The problem >>
Starting at the line with "ЖК OASIS зводять" and stopping at the final line, retype the data below exactly; do not carry over any pictures.
※
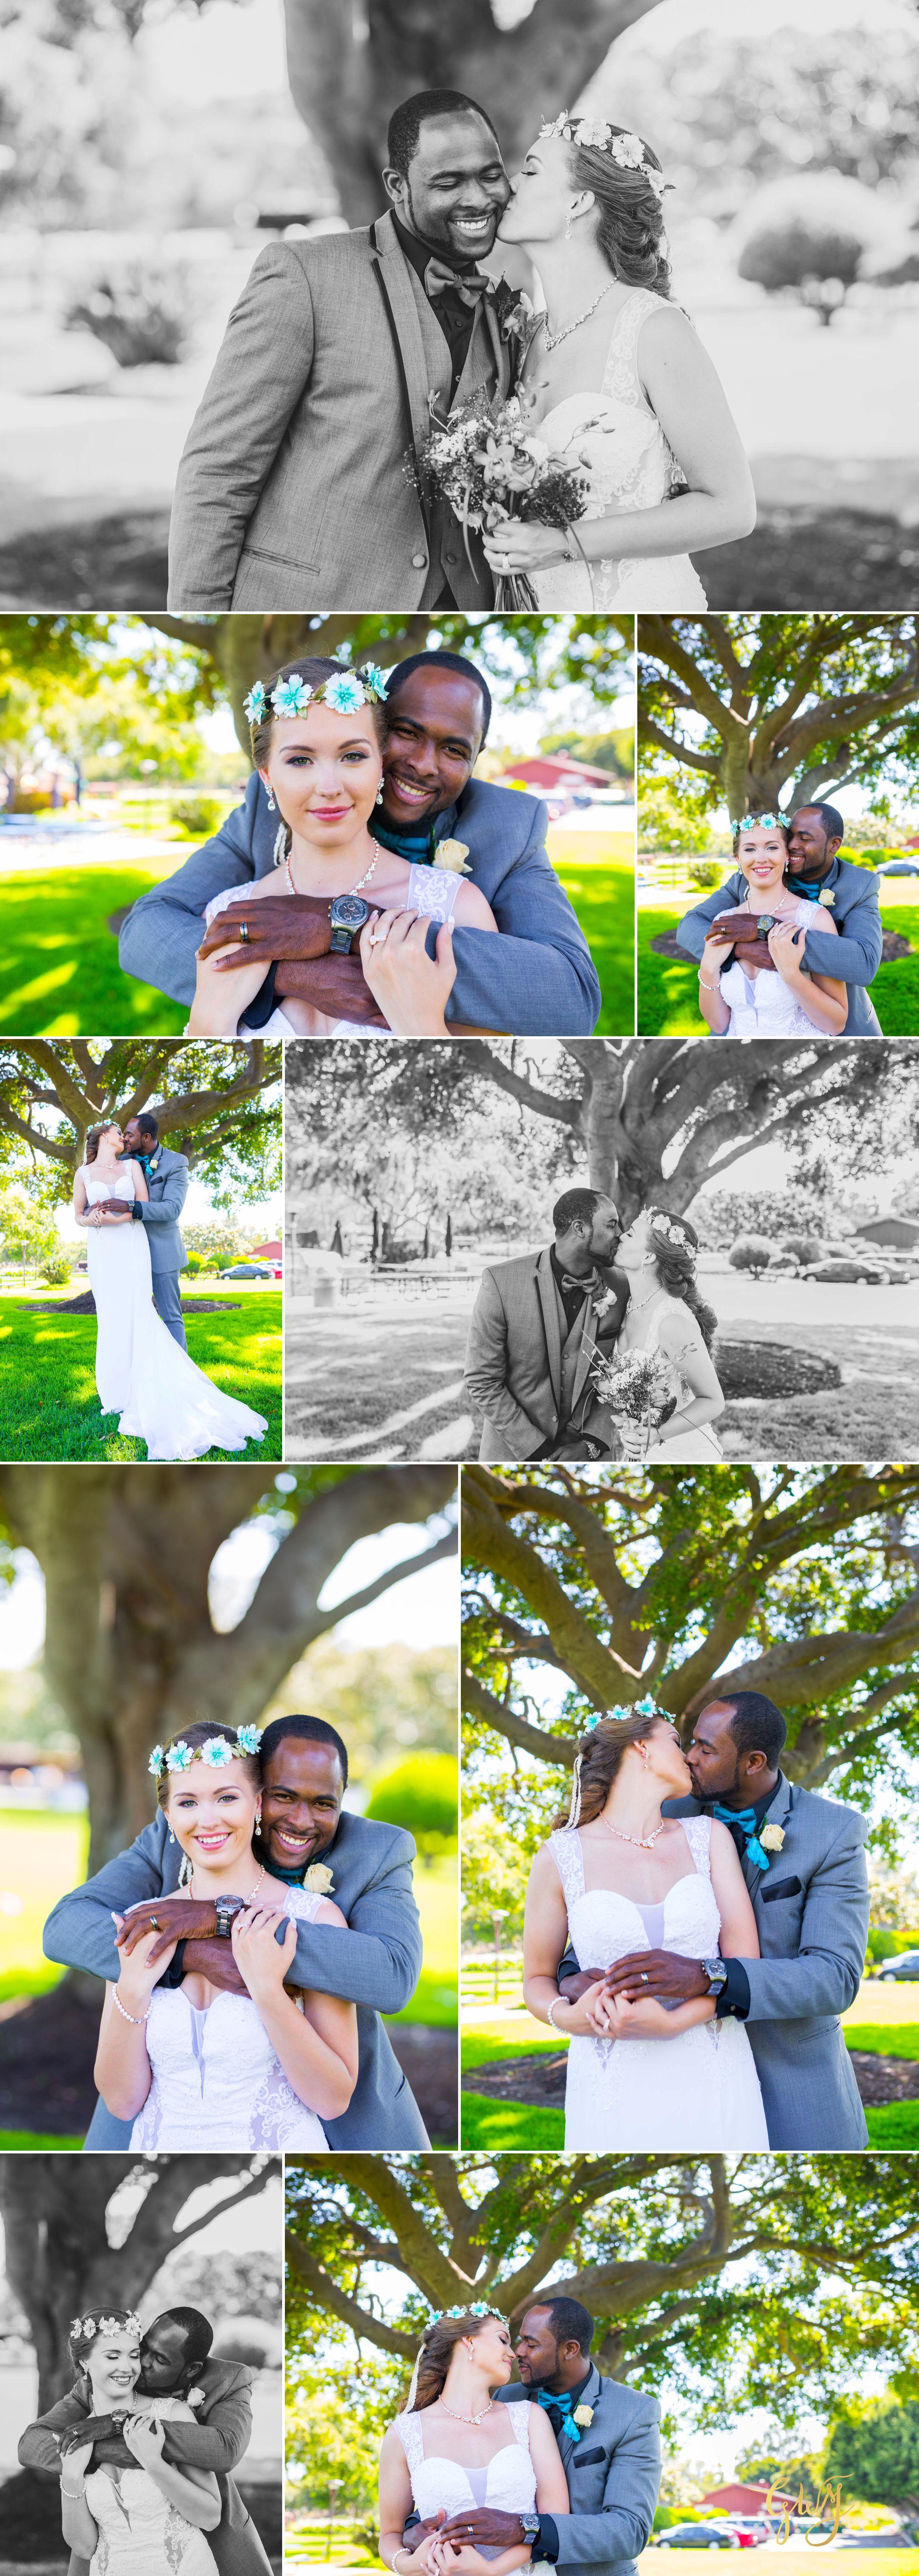 Rebecca + Torand El Segundo Chevron Employee Park Summer Barbados Bajan Wedding by Glass Woods Media 9.jpg
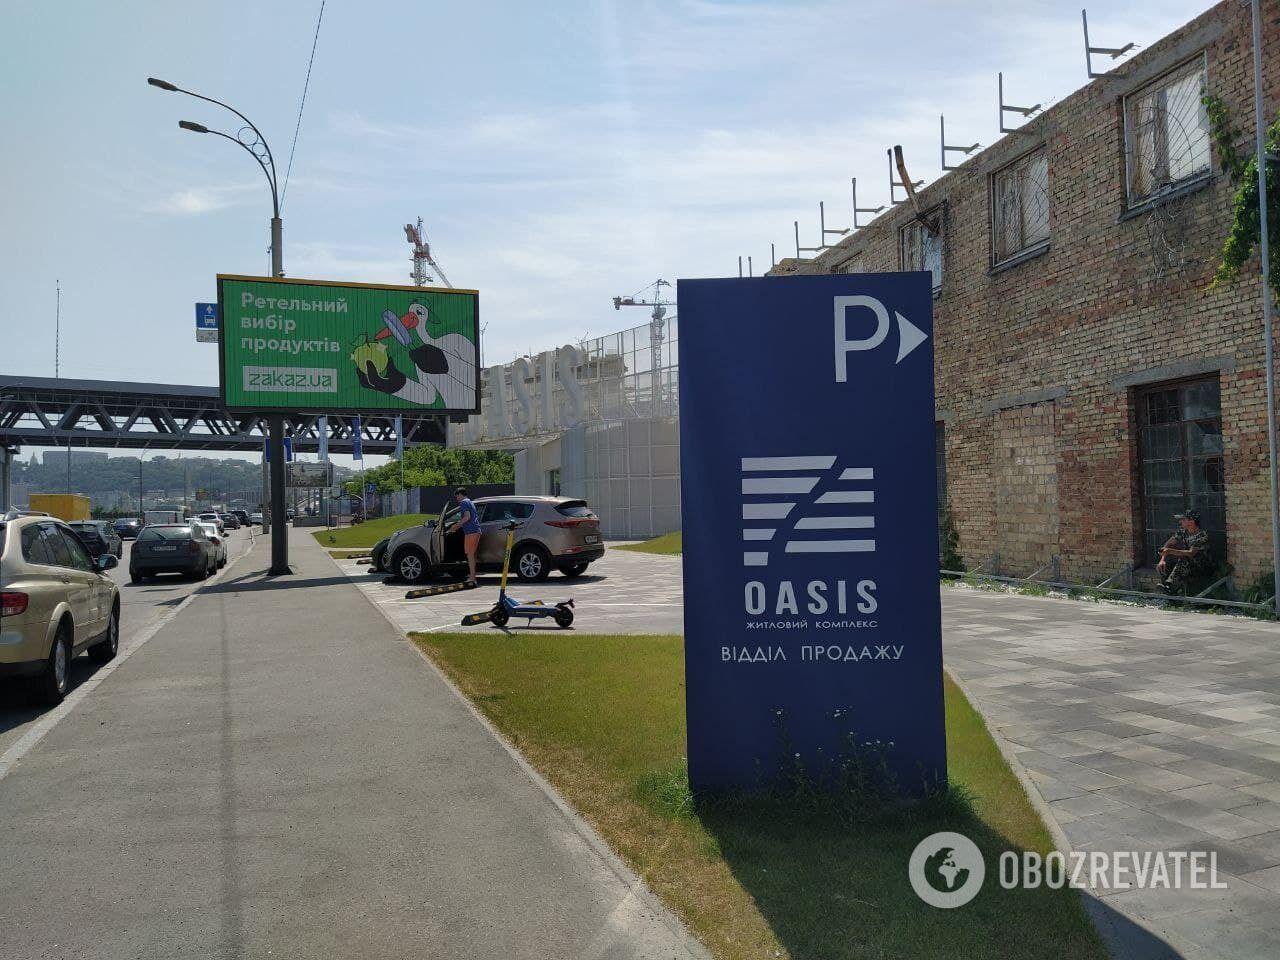 ЖК OASIS зводять на Рибальському острові в Києві
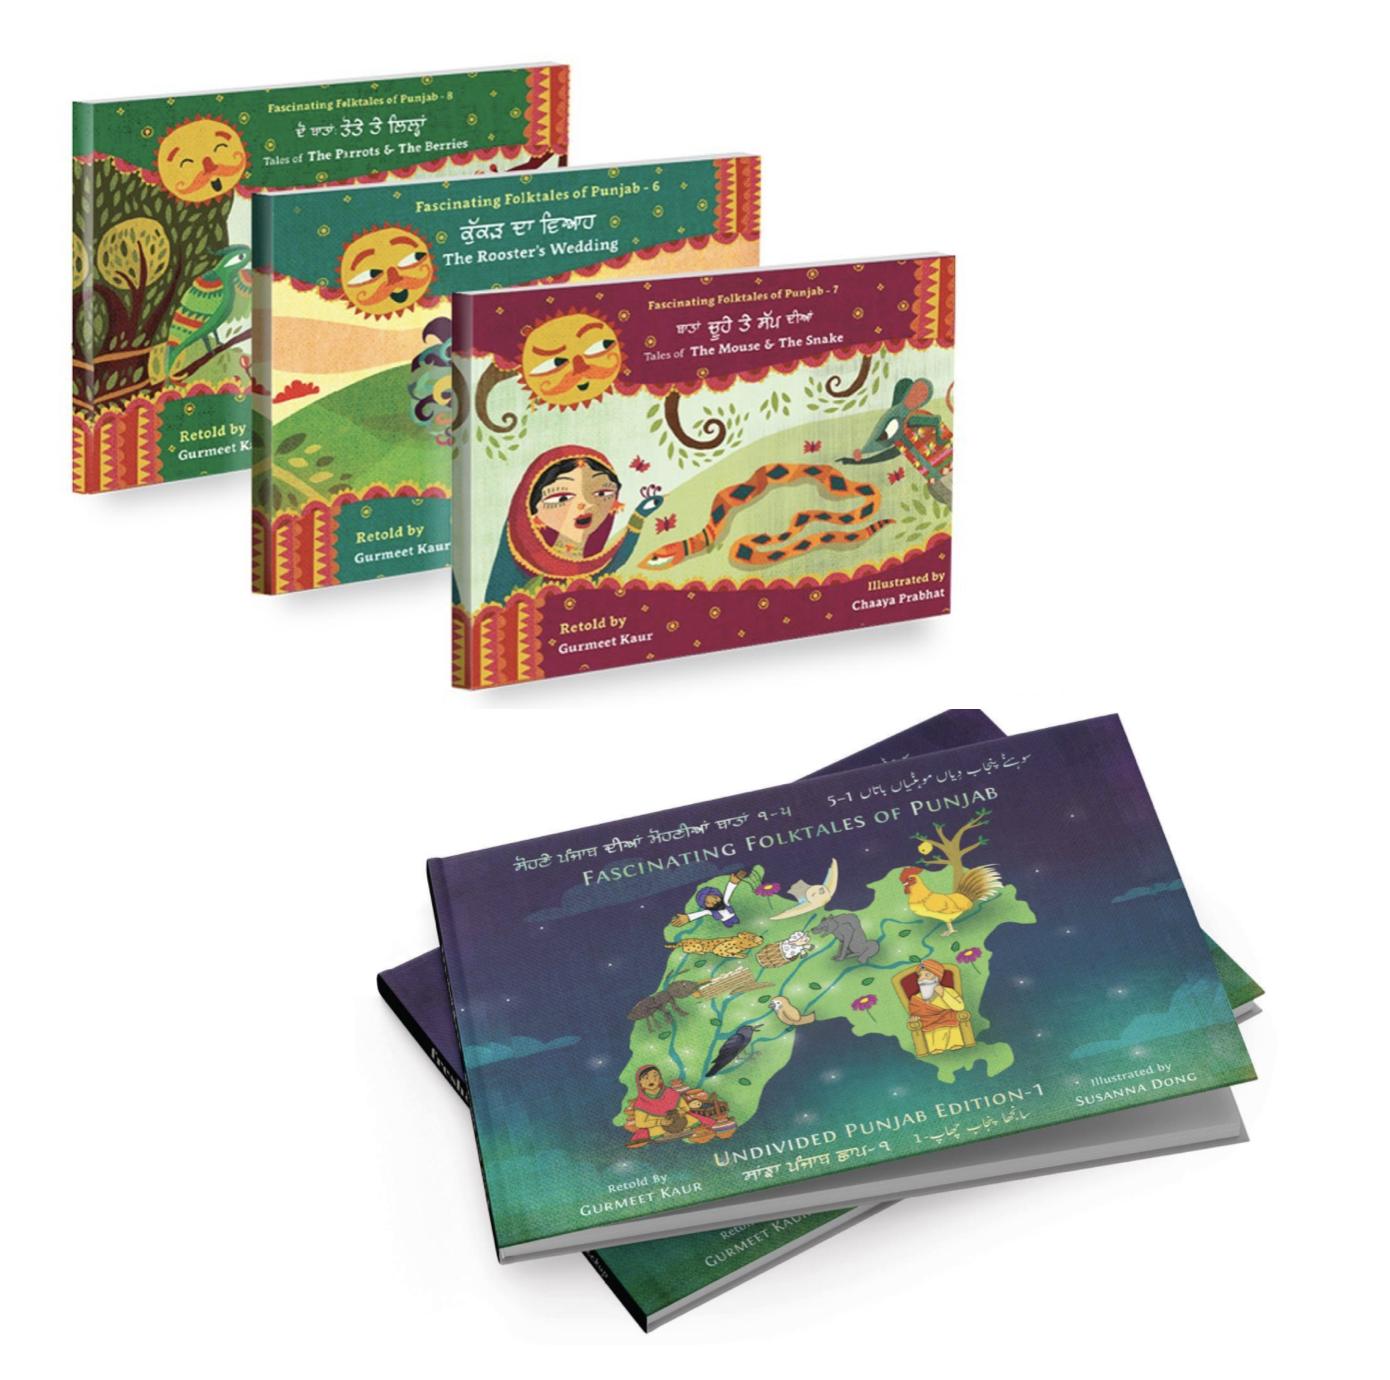 Fascinating Folktales of Punjab - Books 6-8 + Undivided Punjab Edition
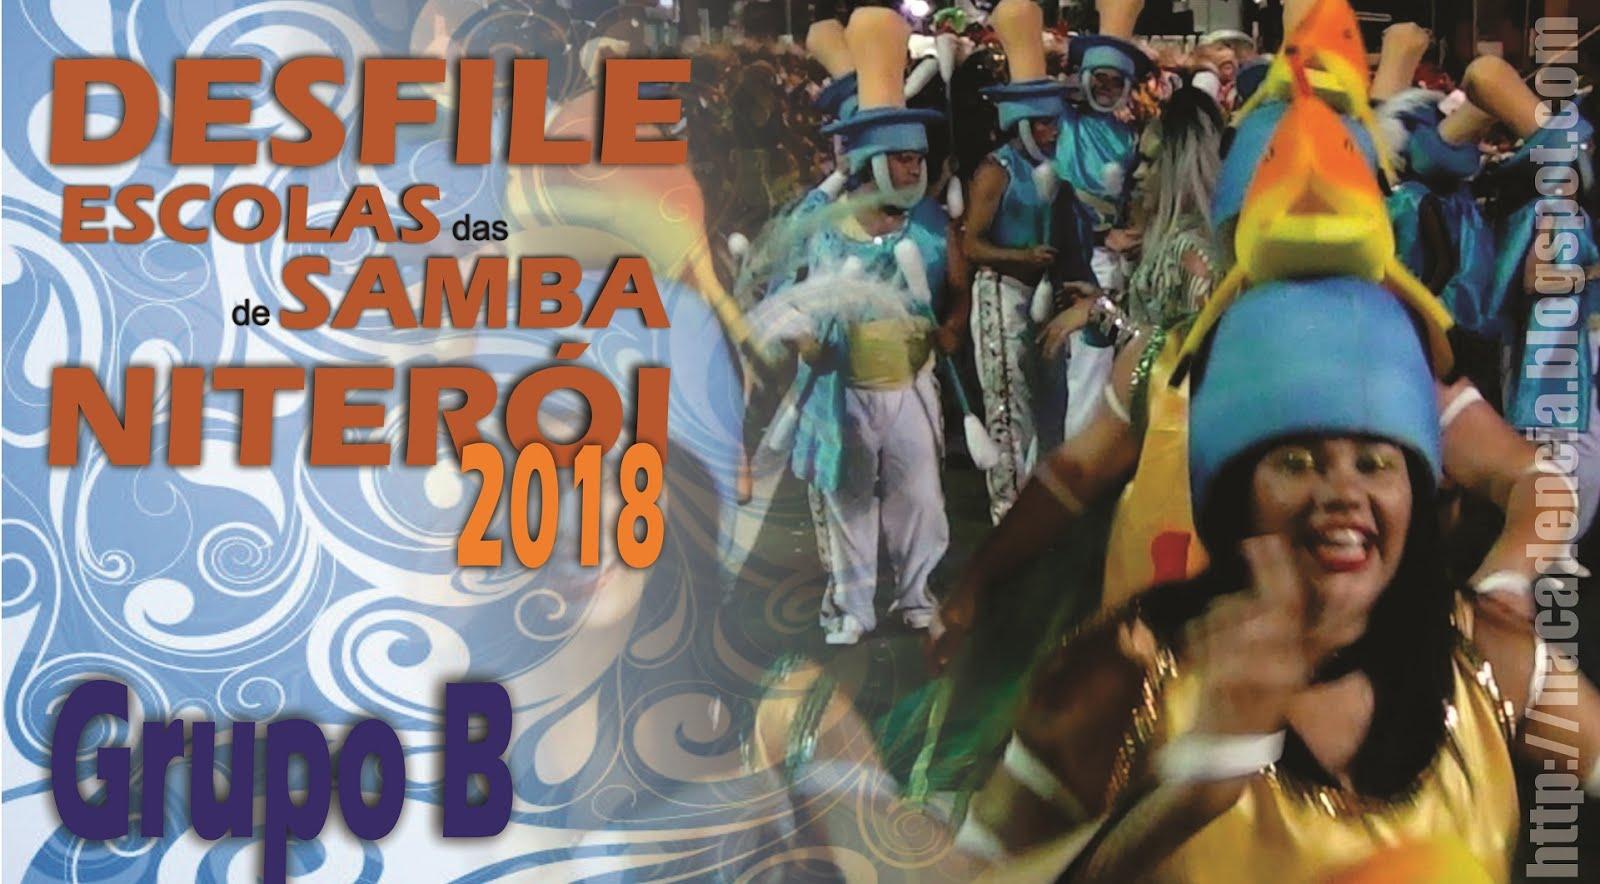 Carnaval de Niterói 2018 - Grupo B
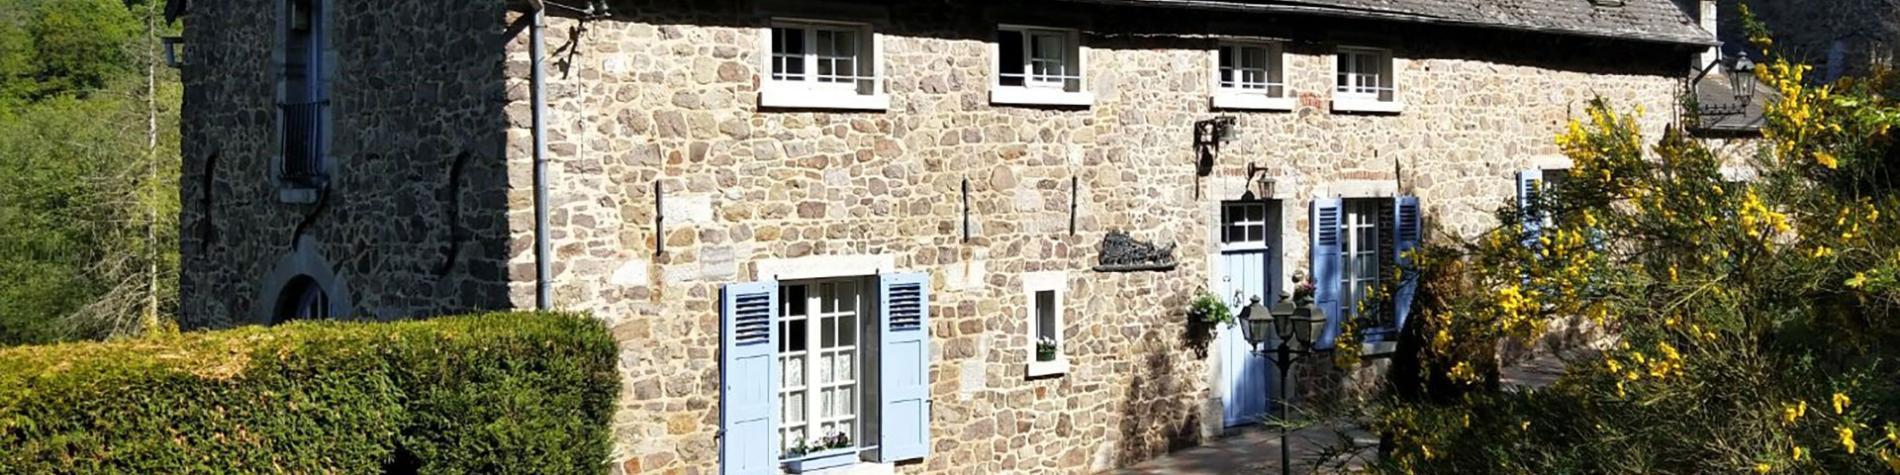 Gîte rural - Haut Marteau - Thuin
※
Result of this task >>
 ЖК OASIS зводять на Рибальському острові в Києві
 Fascinating Folktales of Punjab - Books 6-8 + Undivided Punjab Edition
 Carnaval de Niterói 2018 - Grupo B
 Gîte rural - Haut Marteau - Thuin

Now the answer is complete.